The constraints are:

  • Although the FDI cap has been increased to 74 per cent, the foreign entity has to appoint Indians as the CEO, CFO and CTO in the operating company.
  • Due to national security concerns, FDI in telecom requires various clearances.
    However, clearances can sometimes become a time-consuming exercise.
  • Inability to manage network maintenance from remote locations.

    The telecom manufacturing sector has a huge potential to attract FDI. The government should provide attractive incentives for setting up manufacturing establishments in India.

    What finance models are followed in other countries in the Asia-Pacific region?

    Jitender Balakrishnan
    : I am not aware of these.

    Krishna Ramachandran: Most operators in the Asia-Pacific region are funded by a combination of longterm debt and equity. In light of the current environment of booming telecom businesses and the privatisation efforts of state enterprises, many operators are unlocking their value by listing their stocks on the bourses. The proceeds of these issues are being used to retire debt, for additional rollout and, importantly, for overseas acquisitions.

    Archana Sassan: In the last few years, most of the AsiaPacific countries have begun favouring financing models that are foreign investment centric. The huge untapped potential of the telecom market has made Asia the destination for nearly one in four global FDI dollars. China and India are currently the leading foreign investment destinations. This trend has, in no less measure, permeated into the telecom market as well. In China, for instance, policy changes to increase foreign ownership and reduction or elimination of geographic restrictions are also galvanising FDI confidence in telecom.

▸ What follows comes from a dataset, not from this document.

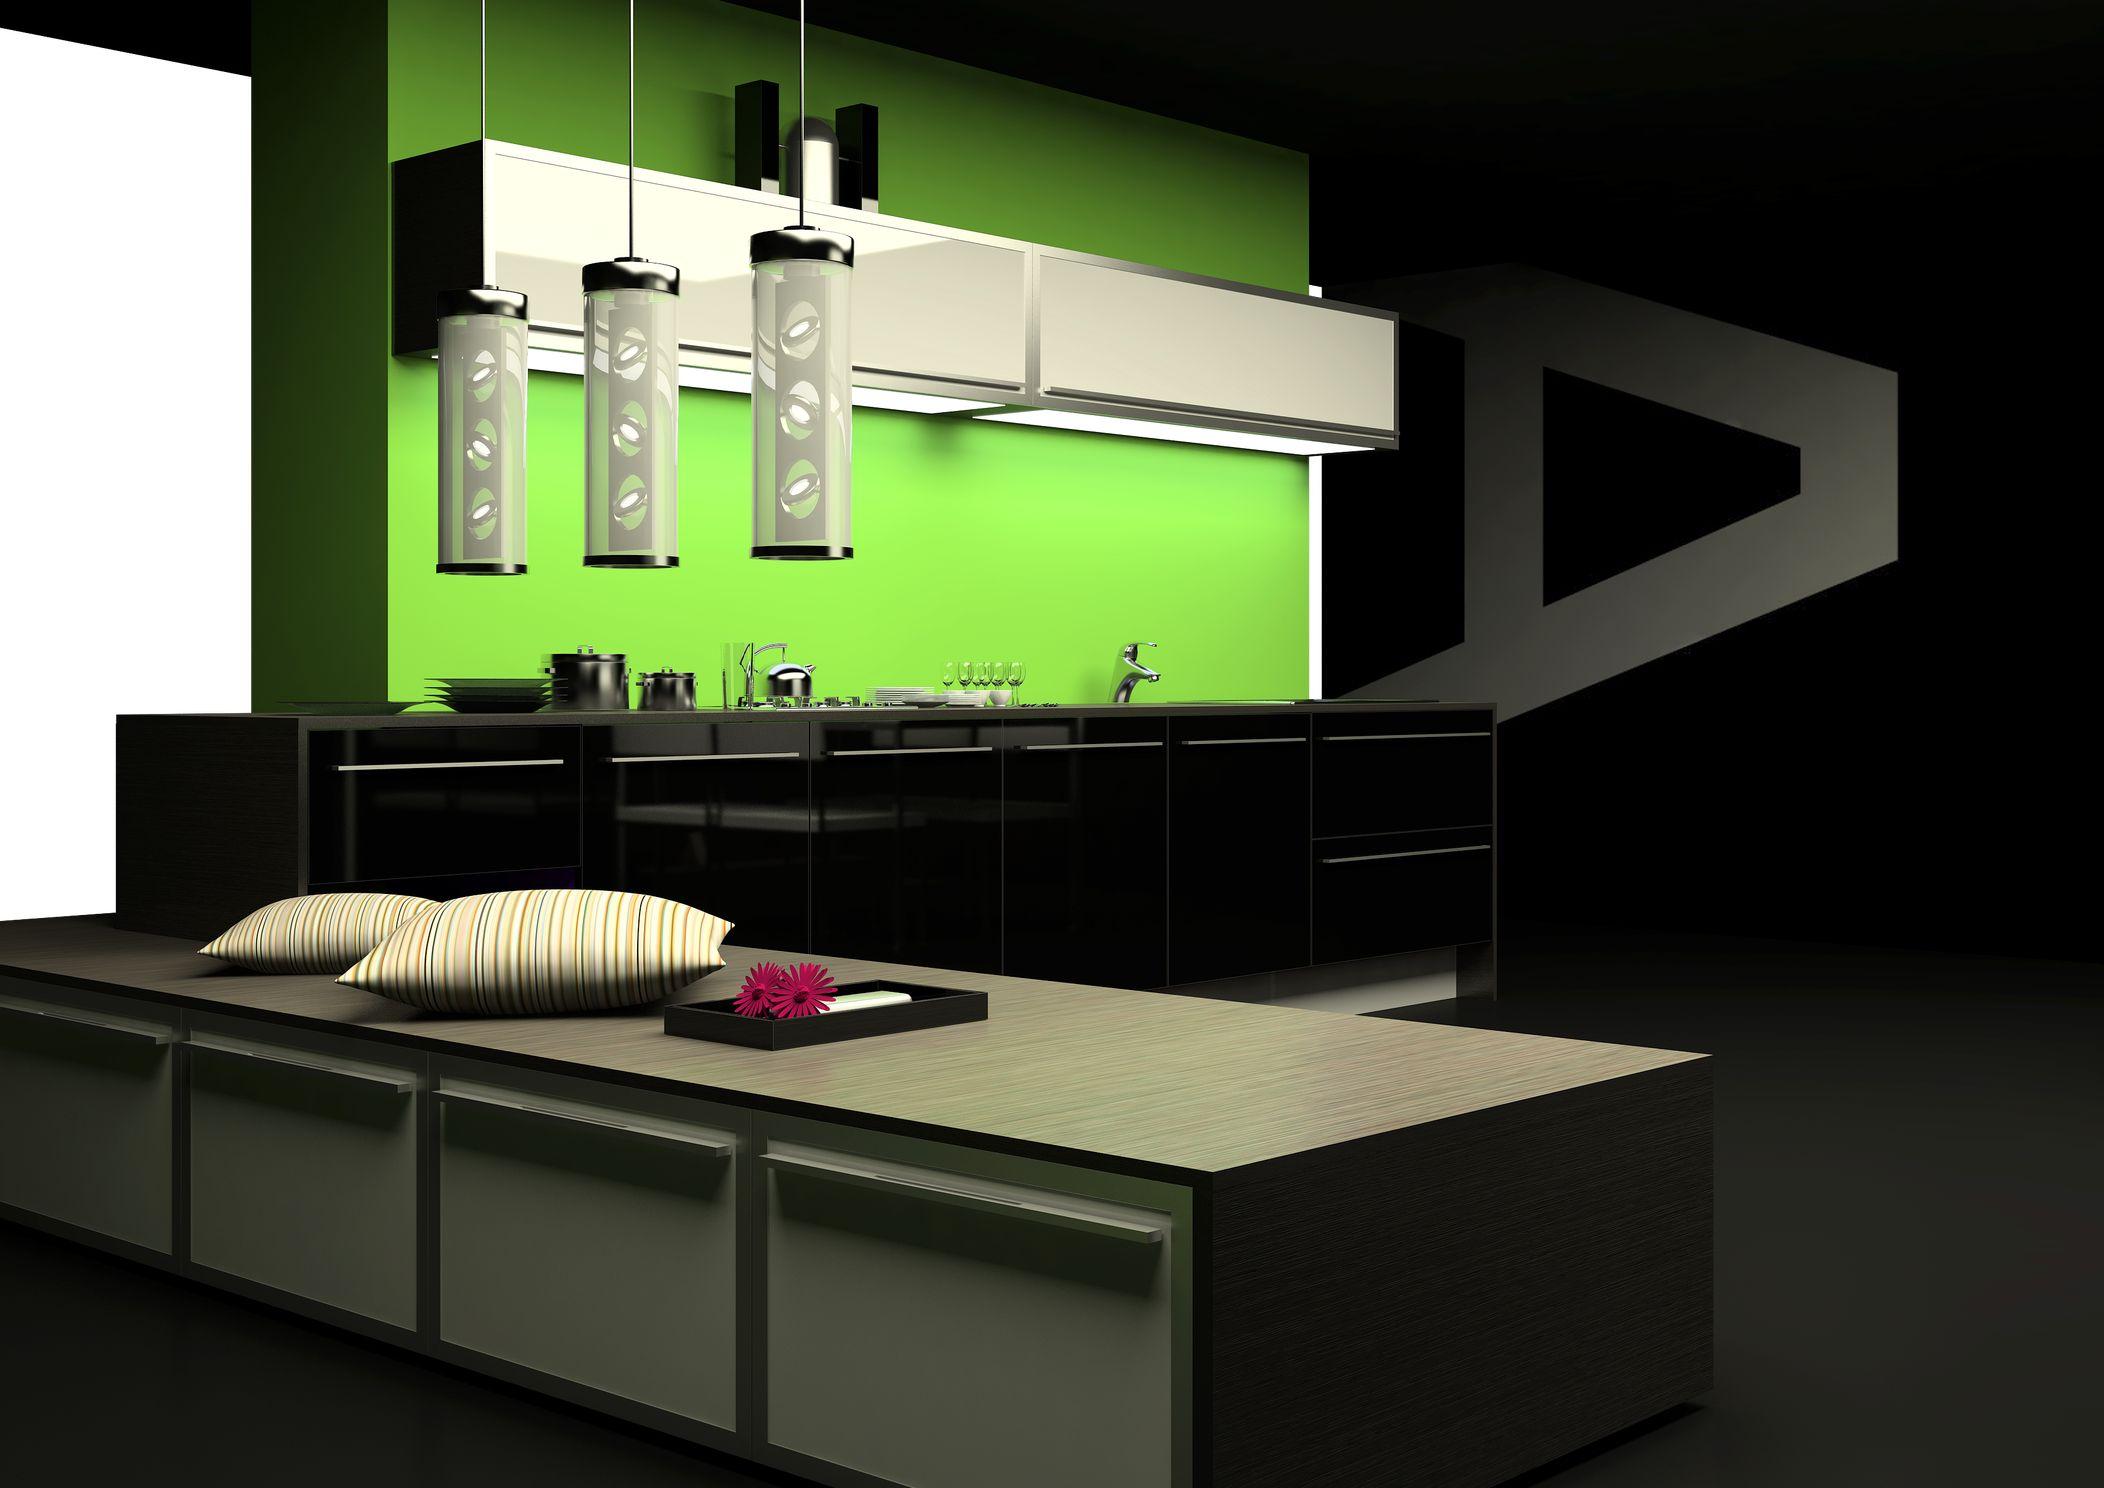 Facade-001 - студия декора и мебели сергея ленкова lenkovser.
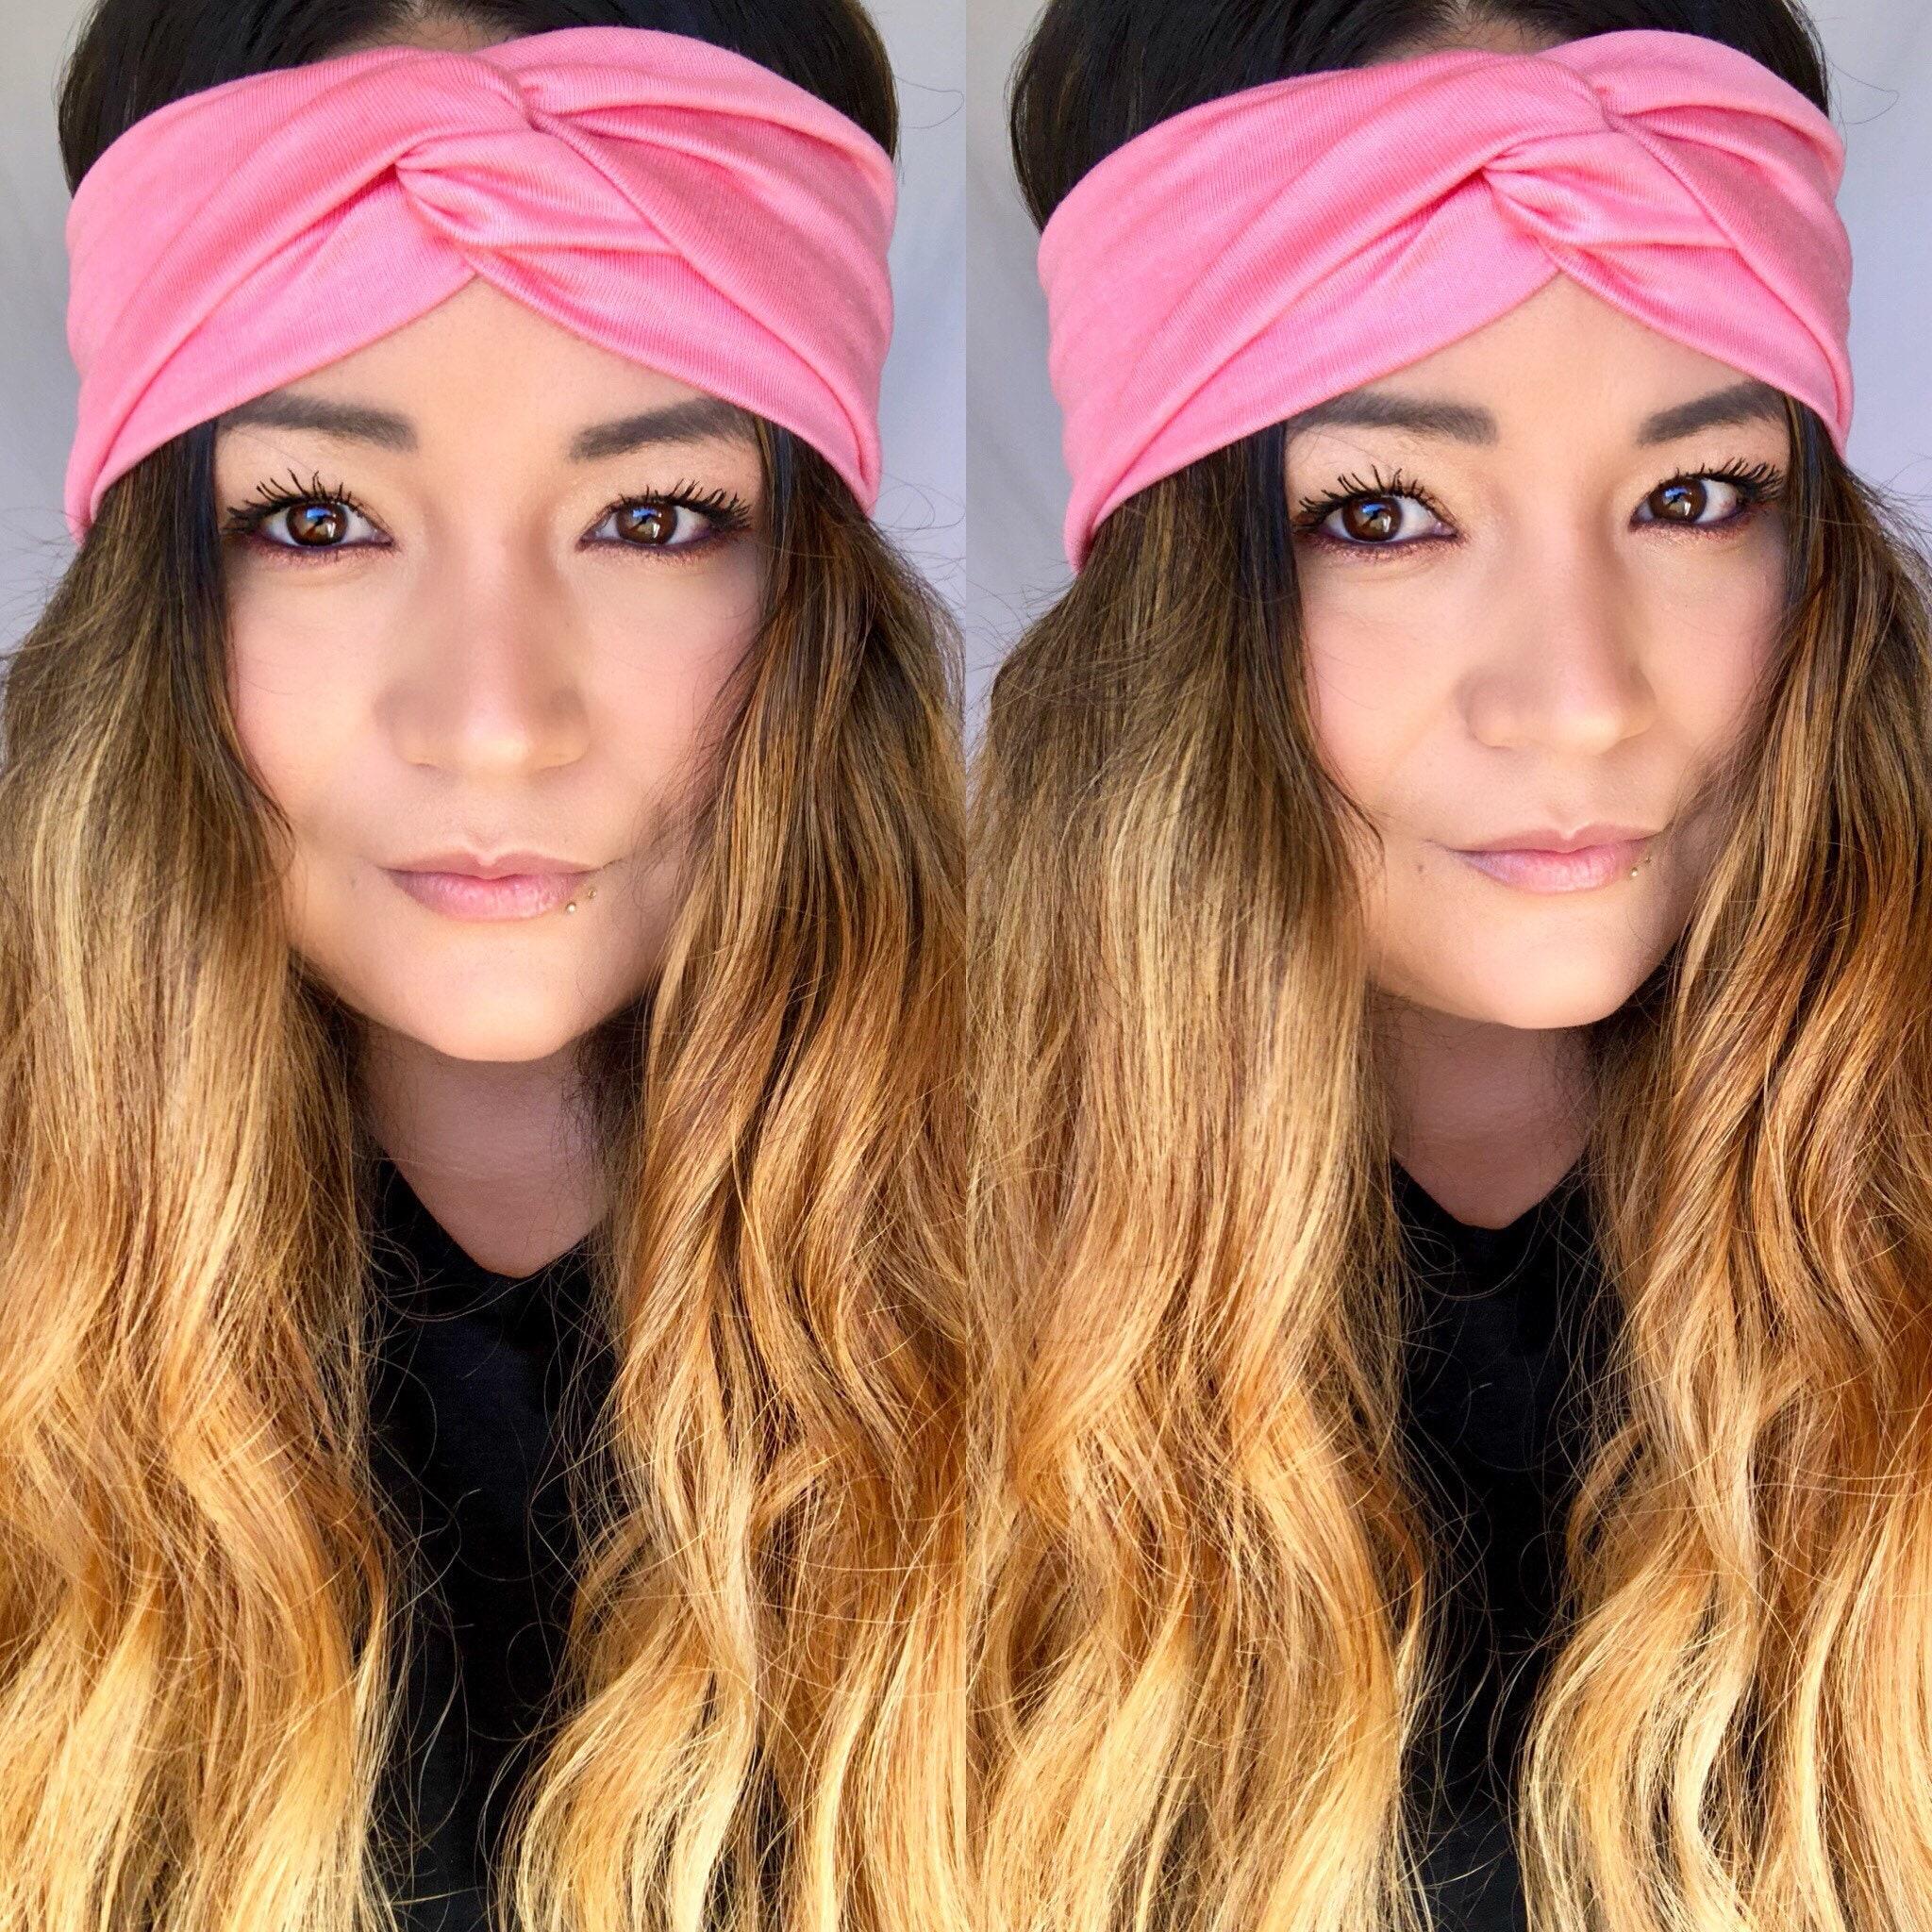 Headband Turban headband jersey pink Top Knot Twist  2d0a9dfc18c

    Singapore has recently started allowing foreign investment and encouraging competition to the incumbent Singapore Telecommunications. However, Singapore also follows finance models that not only include foreign investment but also investment through governmentlinked corporations (GLCs). As opposed to Singapore and China, in the Philippines, the bulk of the telecom traffic is operated by the private sector and foreign investors are given quite a few incentives for entering the market. However, it is pertinent to note that although telecom markets in Japan, Singapore, China, India and Hong Kong have allowed foreign investment to a great extent, GLCs, on account of their long-standing presence, continue to have an advantage over private players.

    Rajat Sharma: Other countries in the Asia-Pacific region follow the newer model of financing such as initial public offerings, strategic partnerships, private placements, publicprivate funding and public funds.

    Ajay Kumar Singh: In the Asia-Pacific region, telecom operators mostly use non-recourse debt with different tranches, each having separate security and financial terms for funding the debt requirement of projects. Some of the financing also involves credit enhancement by the promoters in the initial phases of the project to mitigate the risk for lenders. Telecom projects also get partly funded by credit received from equipment suppliers at low interest rates. More recently, telecom operators have been using secondary market offerings and equity-linked products such as exchange notes and guaranteed exchange notes to finance telecom projects, and mergers and acquisitions.